This needs more text: we're building a new temporary pagetable which
will have A, B and C mapped into it and blablabla...

> +	pgd = next_page;
> +	memset(pgd, 0, sizeof(*pgd) * PTRS_PER_PGD);
> +	next_page += sizeof(*pgd) * PTRS_PER_PGD;
> +
> +	/* Add encrypted (identity) mappings for the kernel */
> +	pmd_flags = PMD_FLAGS | _PAGE_ENC;
> +	paddr = kern_start;
> +	while (paddr < kern_end) {
> +		vaddr = (void *)paddr;
> +		next_page = sme_pgtable_entry(pgd, next_page, vaddr,
> +					      paddr + pmd_flags);
> +
> +		paddr += PMD_PAGE_SIZE;
> +	}
> +
> +	/* Add decrypted (non-identity) mappings for the kernel */
> +	pmd_flags = (PMD_FLAGS & ~_PAGE_CACHE_MASK) | (_PAGE_PAT | _PAGE_PWT);
> +	paddr = kern_start;
> +	while (paddr < kern_end) {
> +		vaddr = (void *)(paddr + index);
> +		next_page = sme_pgtable_entry(pgd, next_page, vaddr,
> +					      paddr + pmd_flags);
> +
> +		paddr += PMD_PAGE_SIZE;
> +	}
> +
> +	/* Add the workarea to both mappings */
> +	paddr = kern_end + 1;

	paddr = (unsigned long)workarea;

Now this makes sense when I read the comment above it.

> +	while (paddr < (kern_end + exec_size)) {

... which actually wants that exec_size to be called workarea_size.
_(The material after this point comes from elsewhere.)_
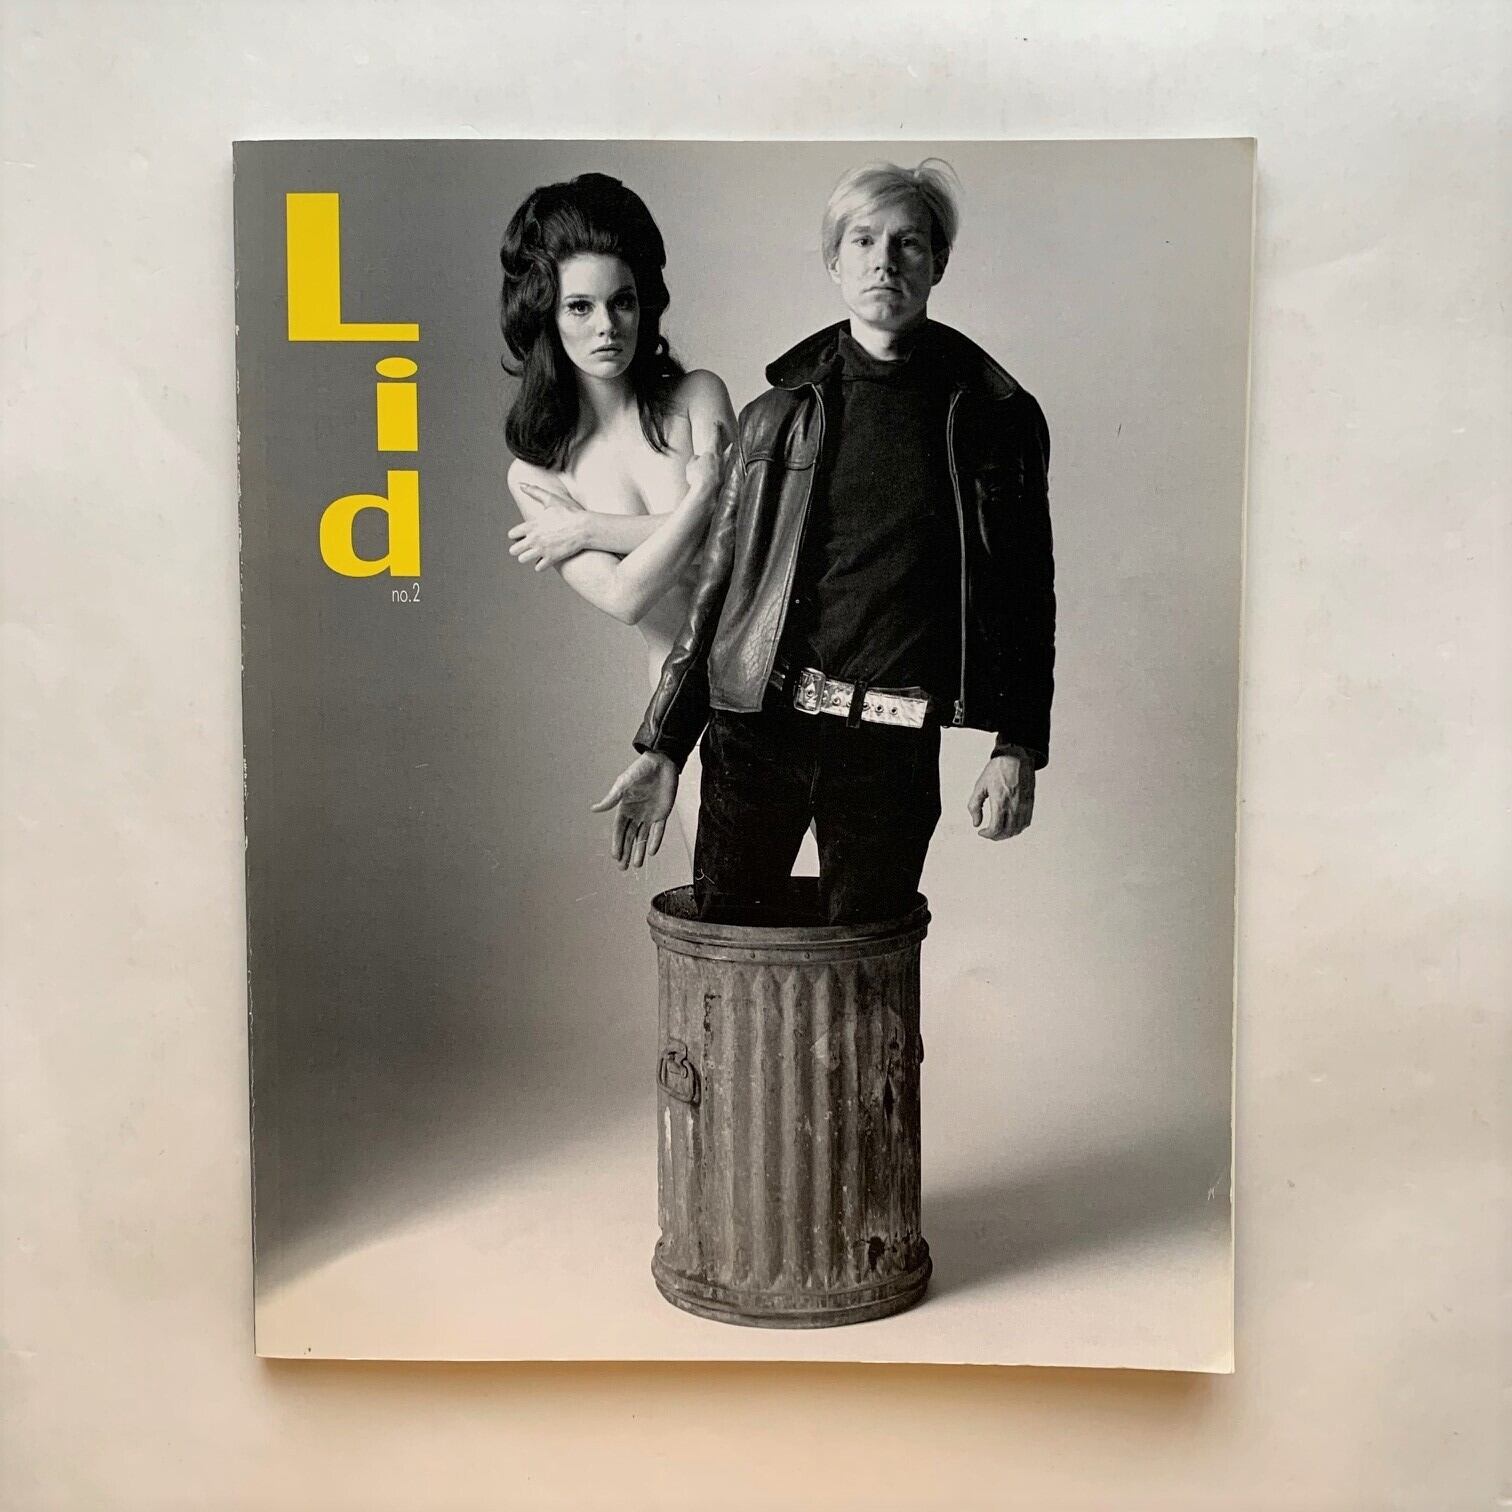 Lid no. 2. / Lid Magazine

Then
it'll make more sense.

And then the thing above:

	next_page = workarea + exec_size;

would look like:

	next_page = workarea + workarea_size;

which would make even more sense. And since you have stuff called _start
and _end, you can do:

	next_page = workarea_start + workarea_size;

and not it would make most sense. Eva! :-)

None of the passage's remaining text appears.